Yes.

How to solve it?

I am curious, which?

You can compare first three problems of ARC to that of typical CF div2 (B/C/D)/E.

You can calculate negative min max range and positive min max range. You have to take care of only one case this way which includes zero.

Only three cases, b>0,b=0,b<0

For each case, you can do the operations in 4 ways:

1. only operation 2
2. do operation 2, then do operation 1
3. do operation 1, then do operation 2
4. do operation 1, then do operation 2, then 1

Code

I have something that I think is less case-worky in code, although the proof itself seems to be as case-worky as the editorial's. Note: I assume $$$[a, b]$$$ is the closed interval over the integers with endpoints $$$a, b$$$.

With $$$B > 0$$$, it is easy to show that the solution is some subset of $$$[-B - n, B + n] \cup [B - n, B + n]$$$, by assuming that the first operation costs 0. Without the restriction $$$B > 0$$$, we can say that the solution is some subset of $$$[-B' - n, B' + n] \cup [B' - n, B' + n]$$$ where $$$B' = |B|$$$.

If we imagine that $$$[-B' - n, B' + n]$$$ and $$$[B' - n, B' + n]$$$ are disjoint, then operation 1 just switches between them. Hence we never need to use operation 1 more that twice. This conclusion holds even if the two sets are not actually disjoint.

If we use operation 1 zero times, we can get anything in the range $$$r_1 = [B - n, B]$$$. If we use it once, we can get the ranges $$$r_2 = [-B, -B + n']$$$ and $$$r_3 = [-B - n', -B]$$$ by using it at the start or at the end, where $$$n' = (C-1) / 2$$$. Finally, if use the operation twice, we get the range $$$r_4 = [B, B + n"]$$$. The nice thing is that this is independent of the sign of $$$B$$$.

The answer is then $$$|r_1 \cup r_2 \cup r_3 \cup r_4$$$.

You can consider b>0 and b<0 separately without intersections. From b>0 it is better to move to zero. From b<0 it is better to move to +/-INF;

Sample

You need to place '#' at (0,0), (h-1,0), (0,w-1), (h-1,w-1) and you will get AC because we can go there from any position.

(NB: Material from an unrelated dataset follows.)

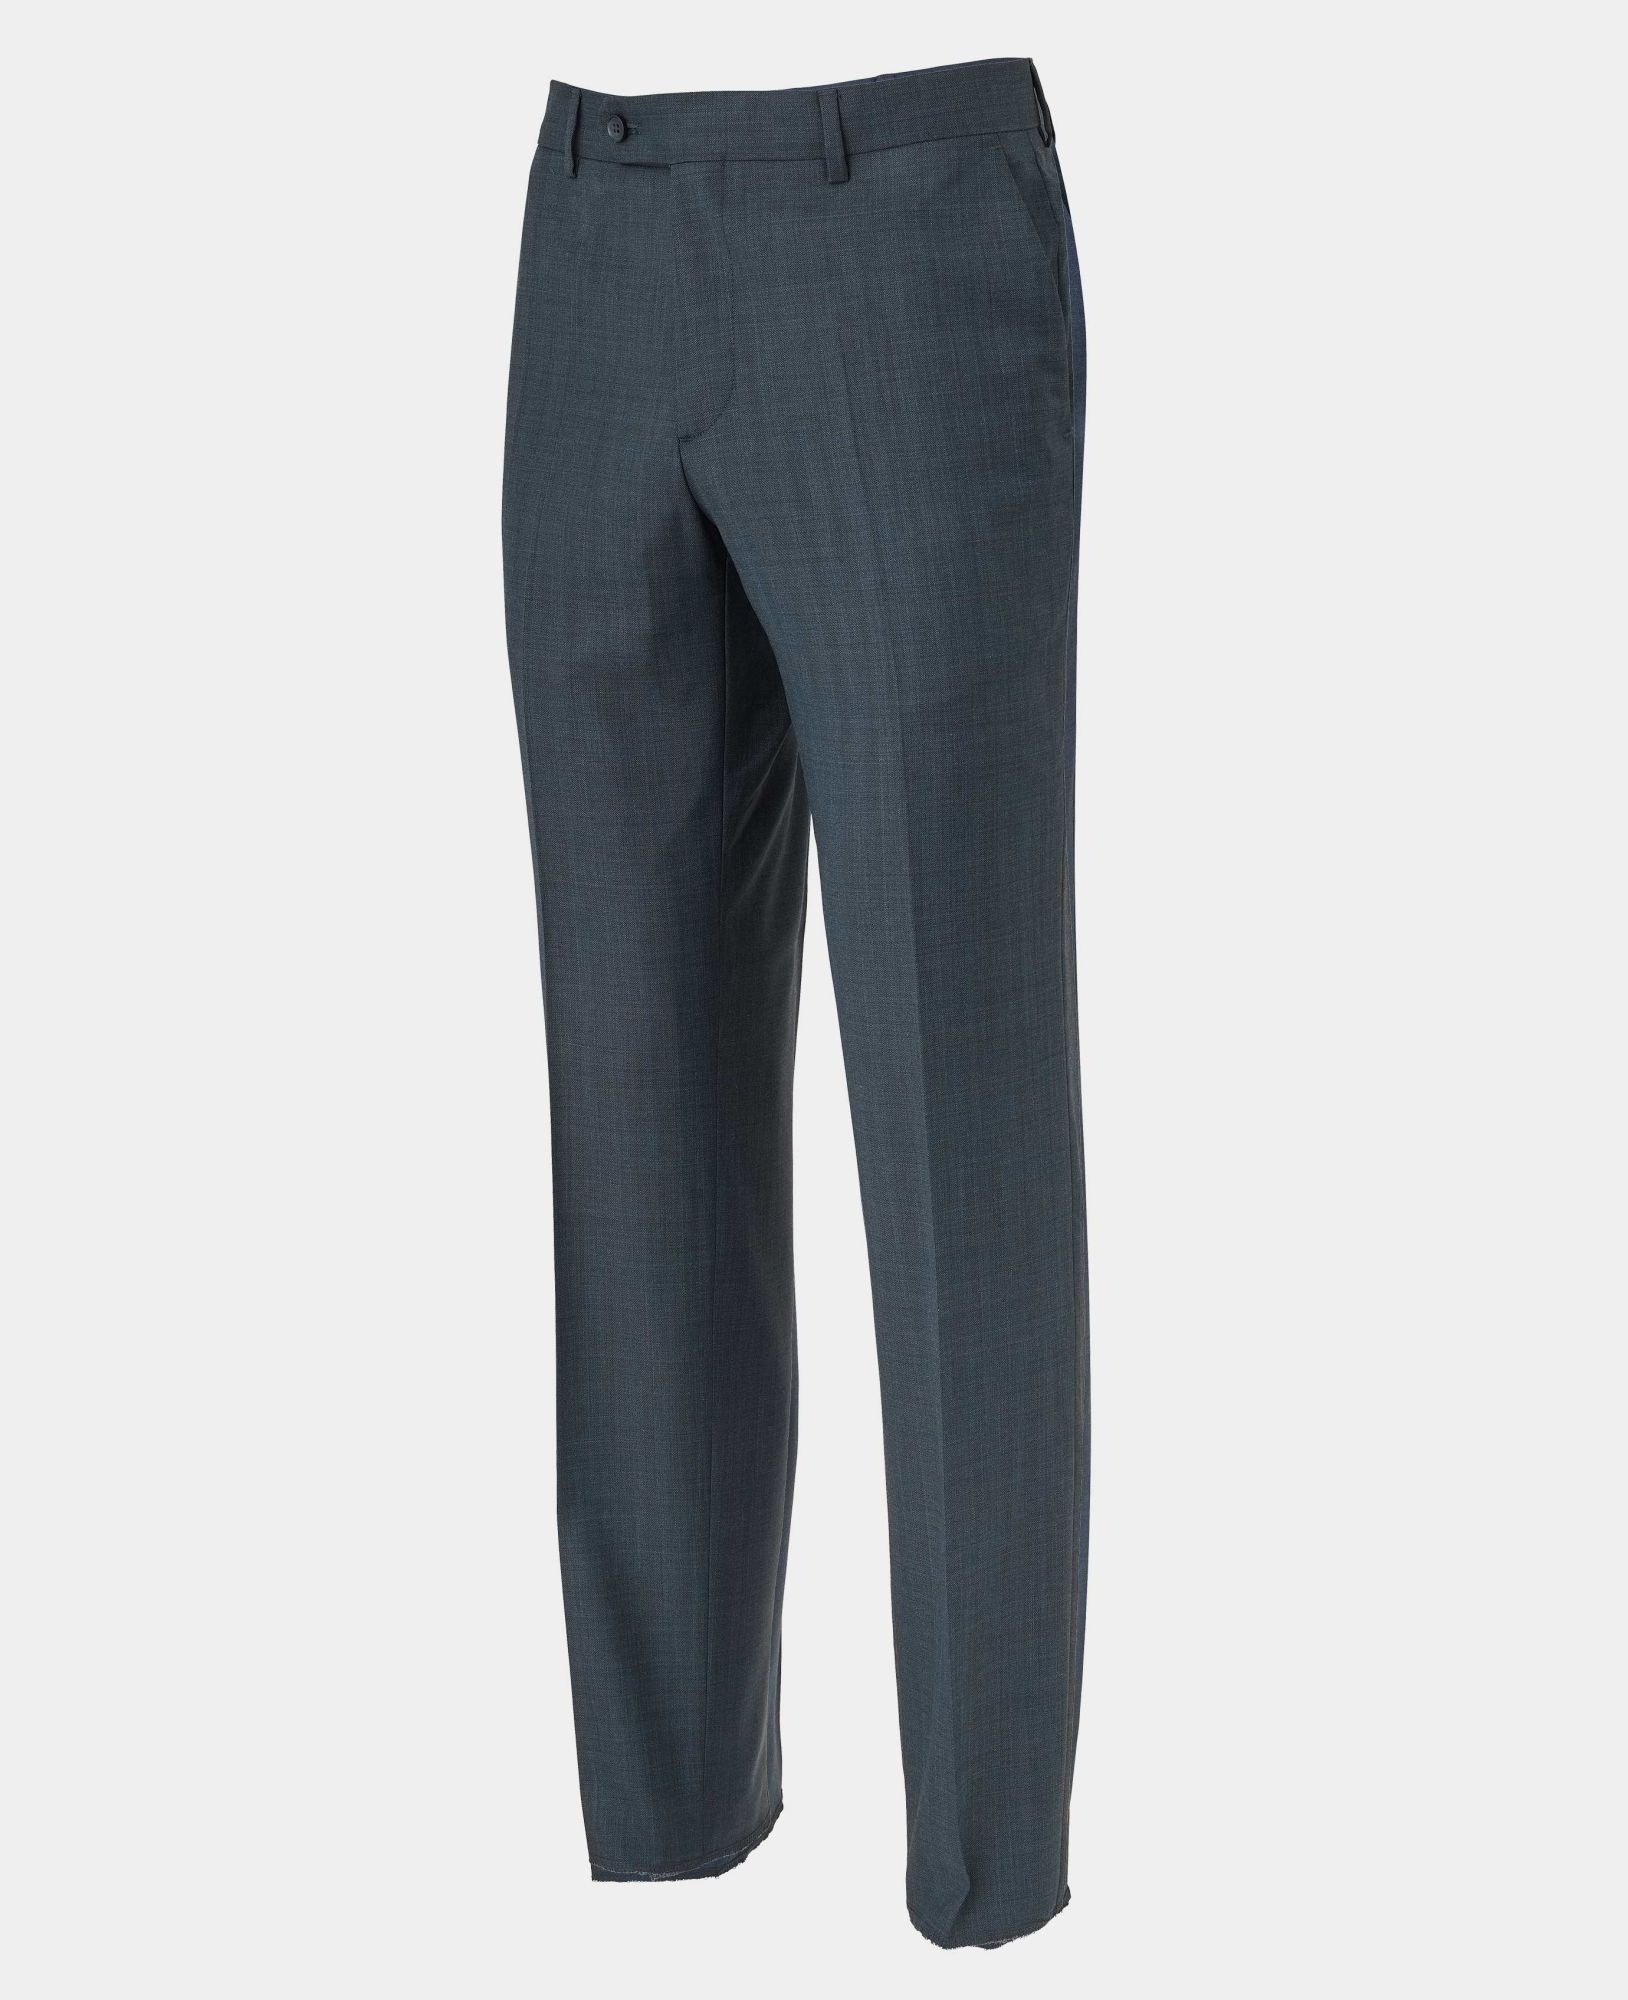 Navy Herringbone Wool-Blend Suit Trousers 34

Can u give link to ur submission?

Yesss

It's also my first ARC. Solving only 2 problems, I think it's definitely harder than div.2 :(

It's a coincidence. I don't think this will holds also for large $$$k$$$.

btw still you can guess that this $$$q$$$ has only small or large factors. If a number has many small prime factors, then it will have some "medium" factor. But $$$q$$$ is not divisible by any prime number less than $$$16$$$ because $$$q+1$$$ is a multiple of $$$16!$$$, so it's likely to have large prime factors.

It really doesn't hold for large $$$N$$$. Already for $$$N = 18$$$, the smallest prime divisor is $$$23,063,137$$$. I expect divisors to be relatively small, but that's not what matters for time complexity here.

problem statement say that it should be efficient for "every" square. it was my misunderstood.

I read somewhere that ABC is Div2 , with A being way too easier.ARC is Div1- , and AGC is Div1

The last operation must move either $$$a_1$$$ to the left or $$$a_N$$$ to the right. Pick one of those elements. Then, for any previous operation, we have 2 choices that don't matter — put this element to the left/right, or $$$2(N-1)$$$ choices in a smaller problem with the final sequence that doesn't contain this element. An $$$O(N^2M)$$$ DP solution is obvious from that.

Let's say that in the end, we'd move $$$l$$$ leftmost elements of $$$a$$$ to the left (in the moves that affect them last) and $$$r$$$ rightmost elements to the right. There are two things to think about: - The remaining elements in between, of course, must be in the same order as in the original permutation. - OTOH all cases $$$l+r=N$$$ correspond to distinct sequences of moves.

We have $$$l+r$$$ significant operations — those that move some element for the last time. There are $$$l+r \choose r$$$ ways to choose their order. If there were $$$c_k$$$ "insignificant" operations immediately after the $$$k$$$-th of them, where $$$\sum_{k=1}^{l+r} = M-l-r$$$, the number of possible sequences would be $$$\prod_{k=1}^{l+r} (2k)^{c_k}$$$. We can count them all with a DP, where states are $$$(l+r, \sum c_k)$$$, in $$$O(NM)$$$.

Finally, check all pairs $$$(l, r)$$$ and for those that are valid, get the DP value for $$$(l+r, M-l-r)$$$, multiply by $$${l+r \choose r}$$$ and sum that up to get the answer in $$$O(N^2+NM)$$$.